None of the pictures should appear; the lines from the line containing "Ozean Hintergrundbild 2000x1333." through the last line of the listing must be repeated exactly.
INFORMATION SHOWN START
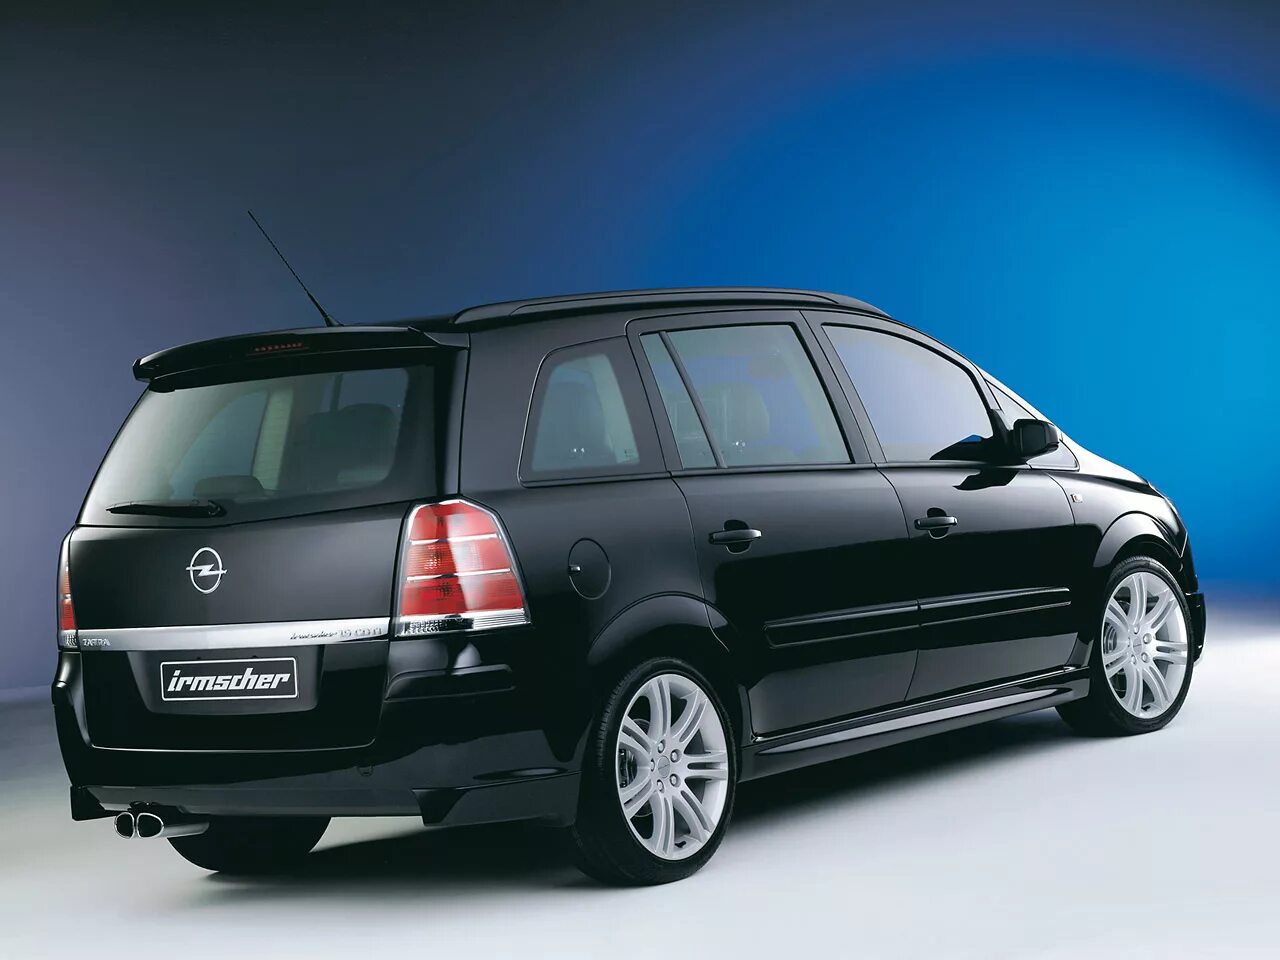 Opel zafira b купить. Opel Zafira b 2005. Opel Zafira 1.9. Irmscher Opel Zafira a. Opel Zafira 2005 Tuning.
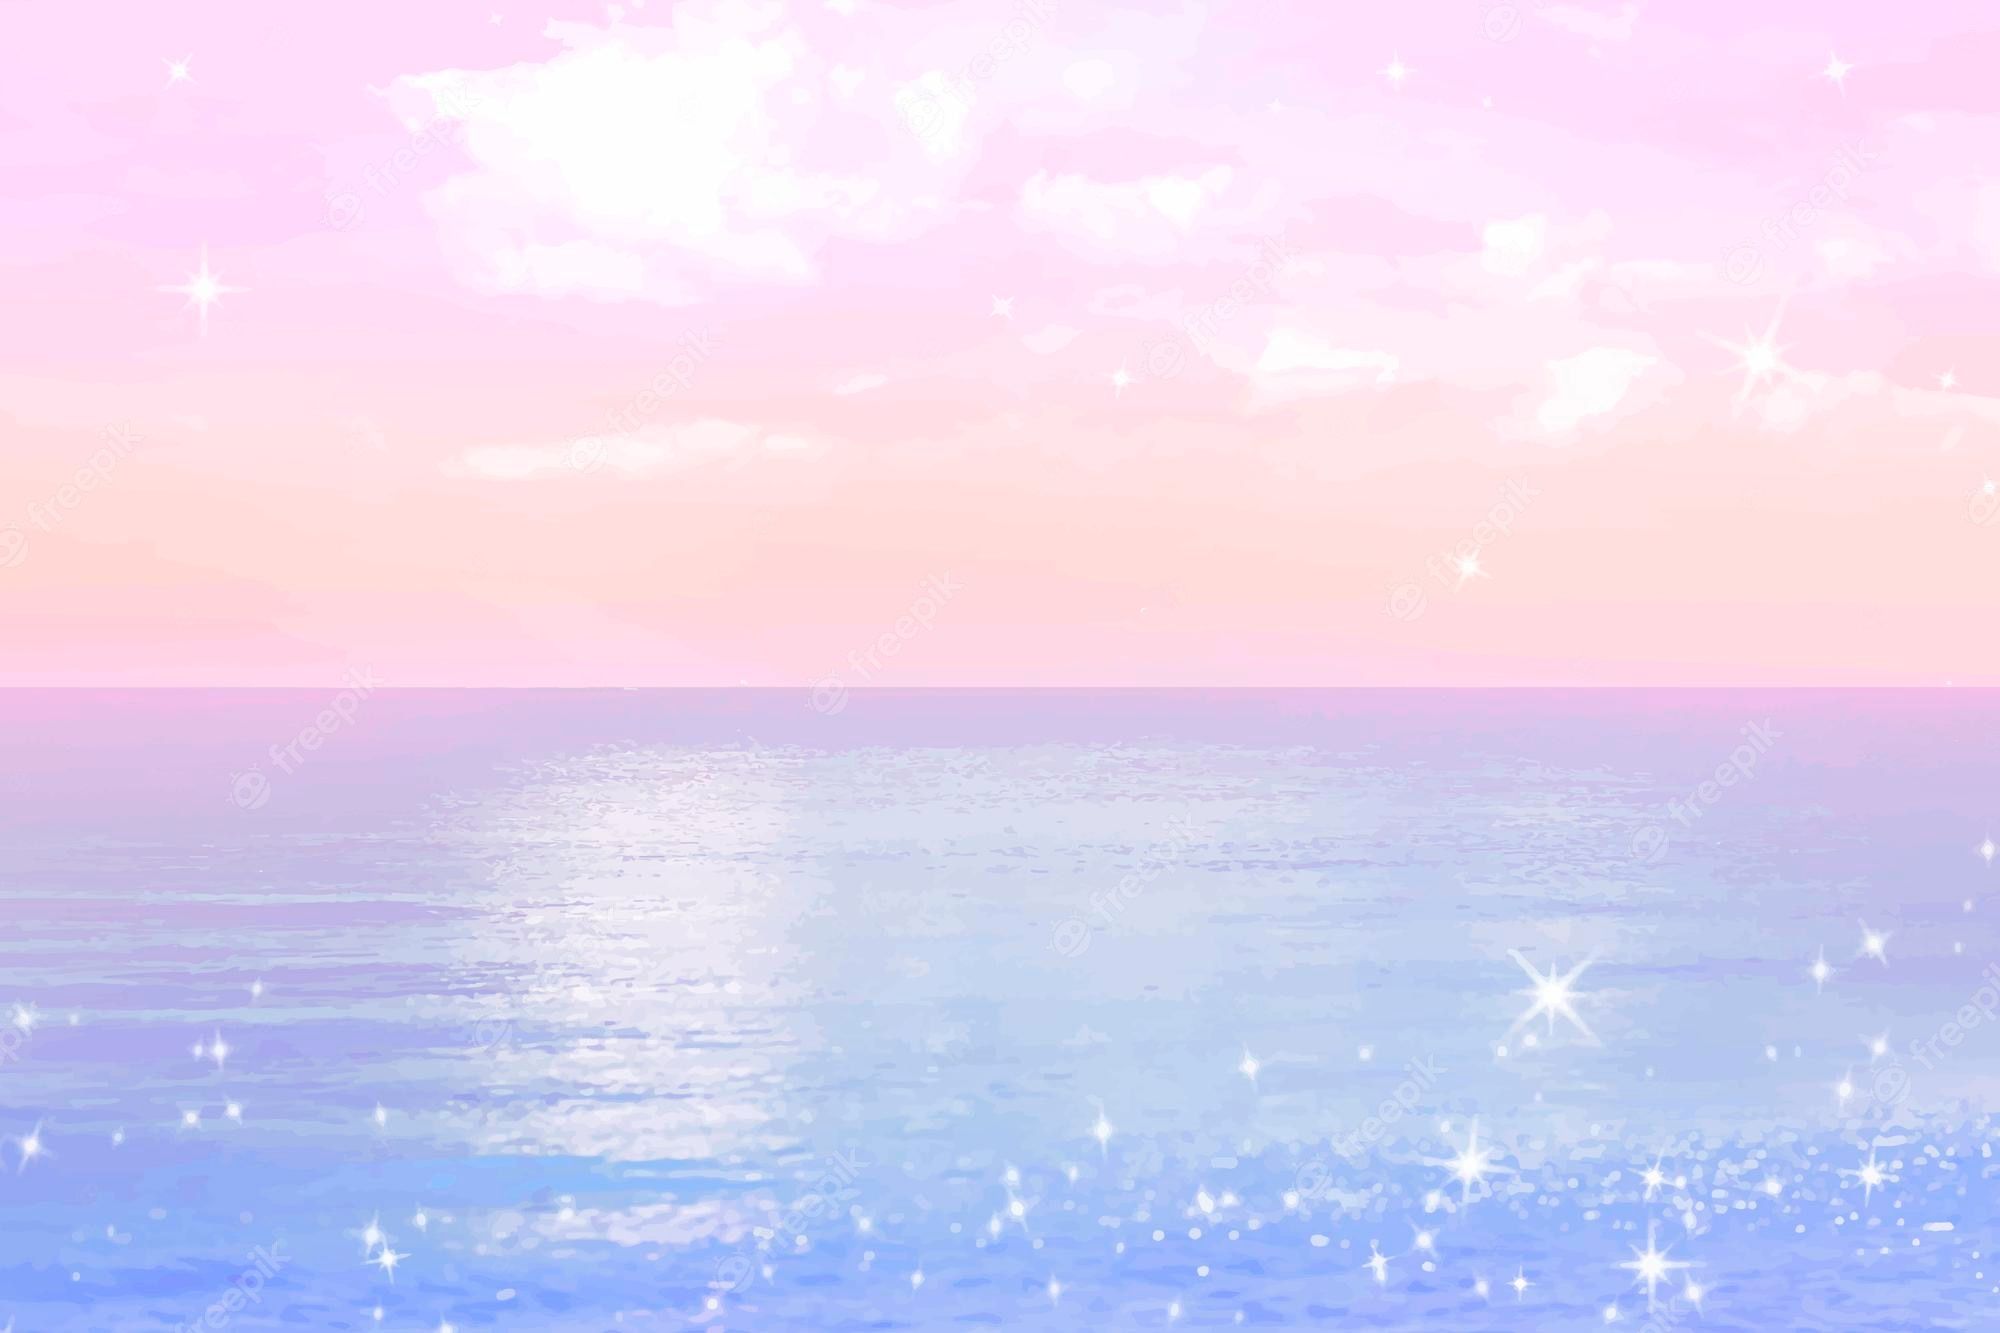  Ozean Hintergrundbild 2000x1333. Free Vector. Aesthetic ocean background, pastel glitter design vector
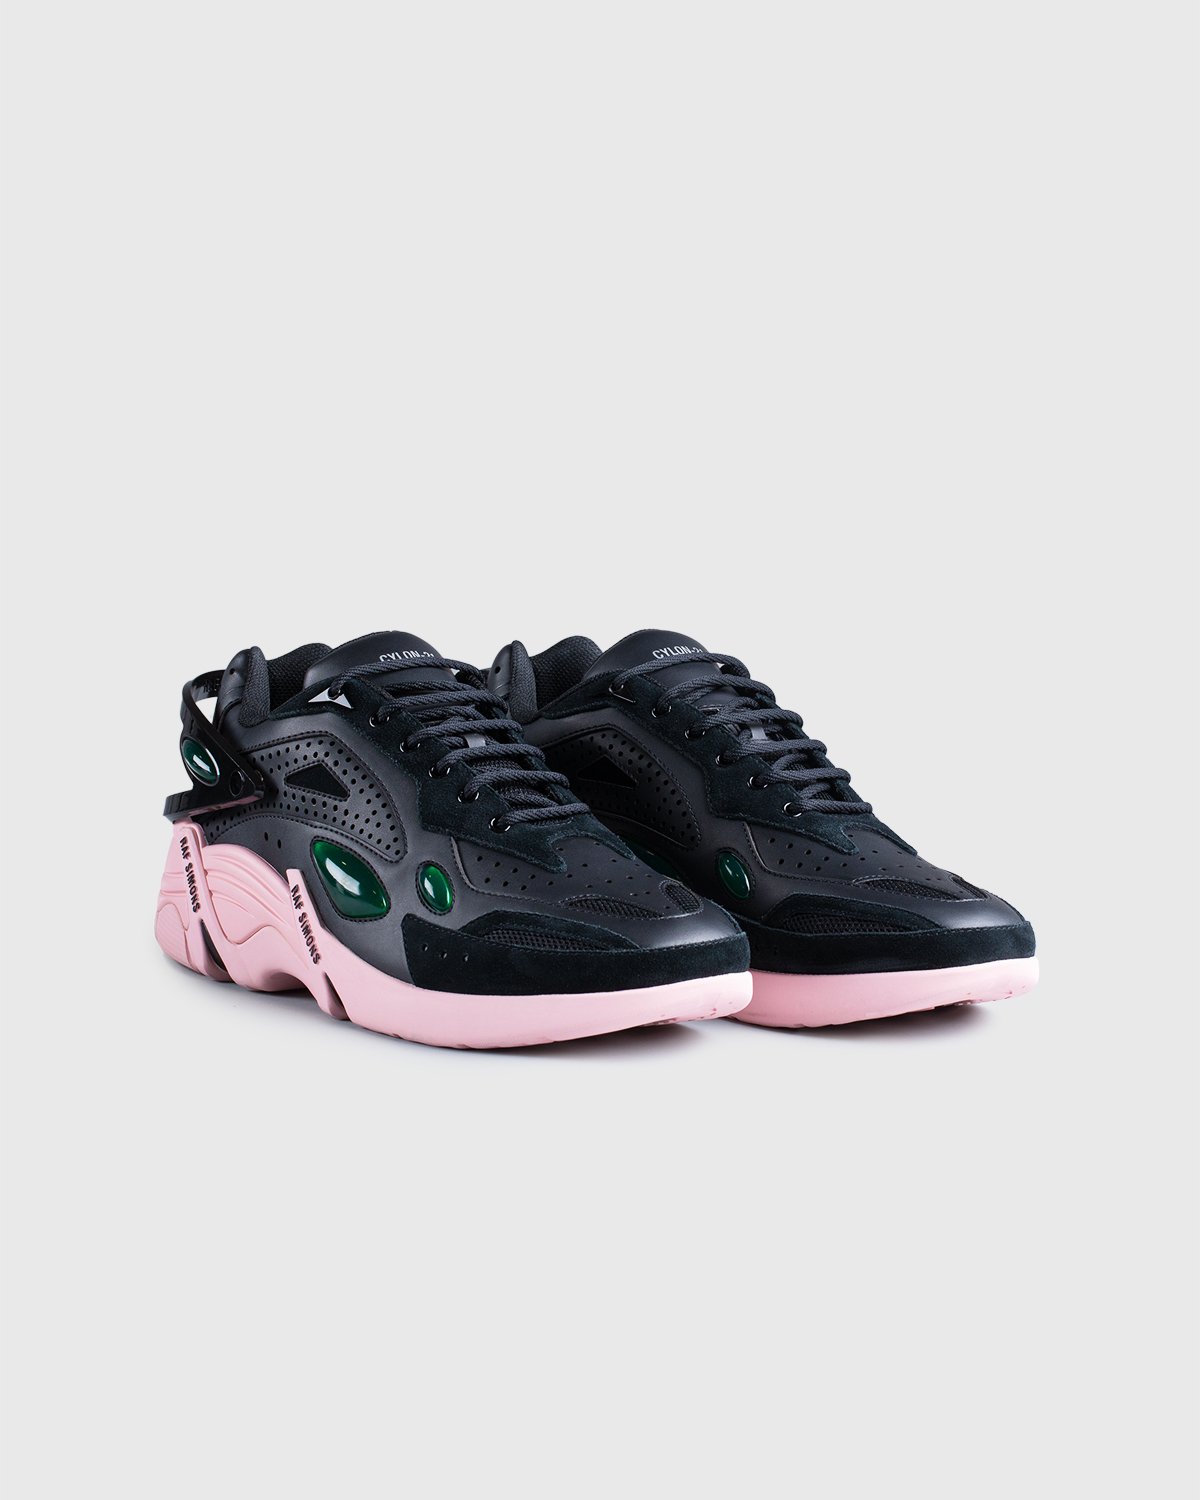 Raf Simons - Cylon Black/Pink - Footwear - Black - Image 3
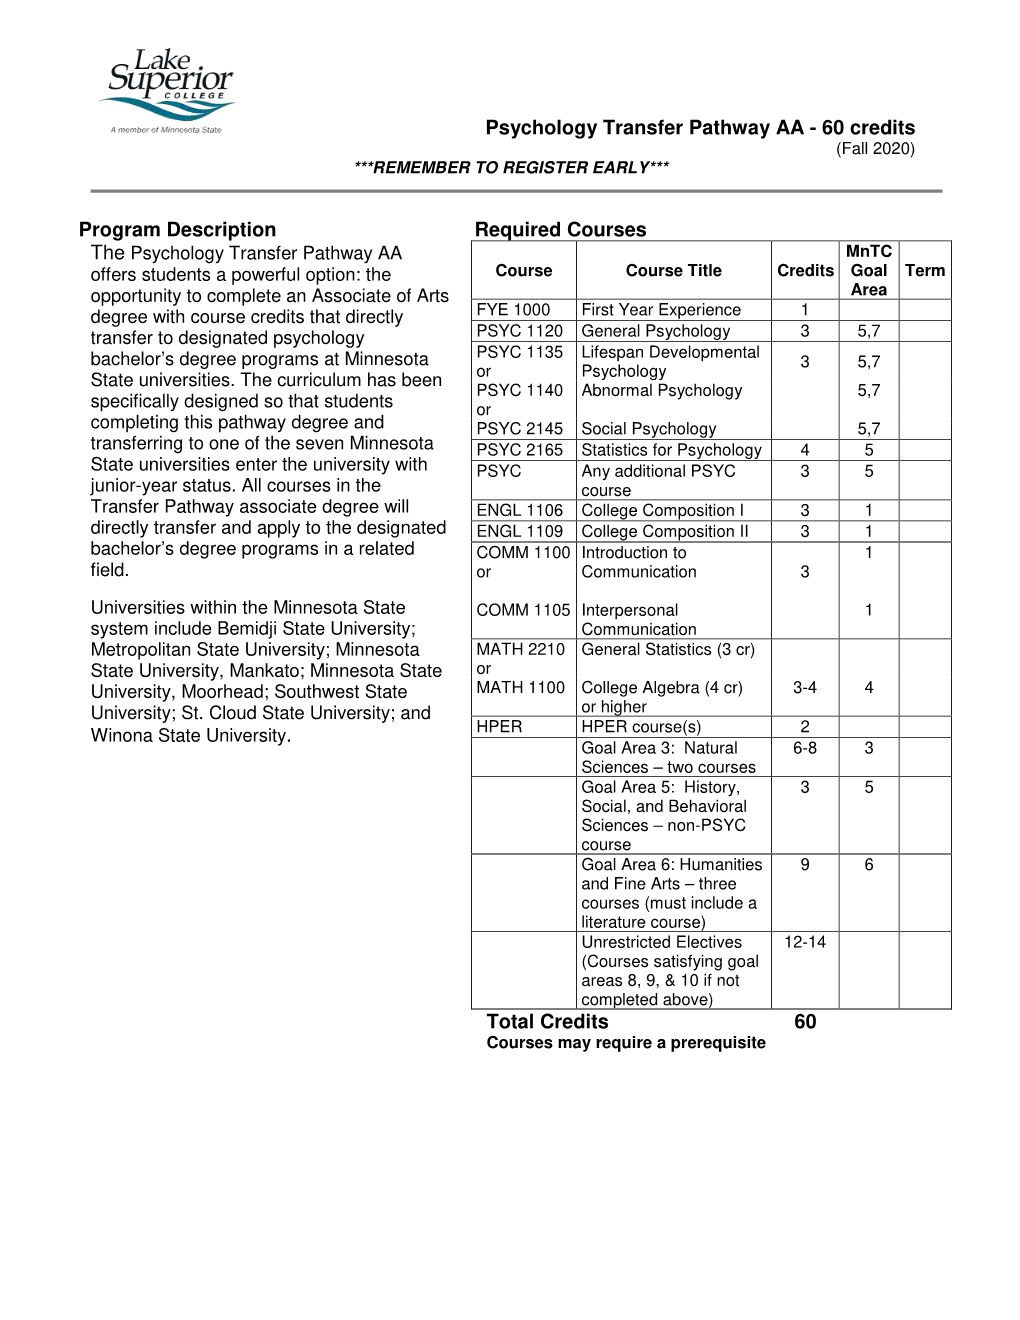 Psychology Transfer Pathway Program Guide
INFORMATION SHOWN END
• EXERCISE RESPONSE
  Ozean Hintergrundbild 2000x1333. Free Vector. Aesthetic ocean background, pastel glitter design vector
 Raf Simons - Cylon Black/Pink - Footwear - Black - Image 3
 Psychology Transfer Pathway Program Guide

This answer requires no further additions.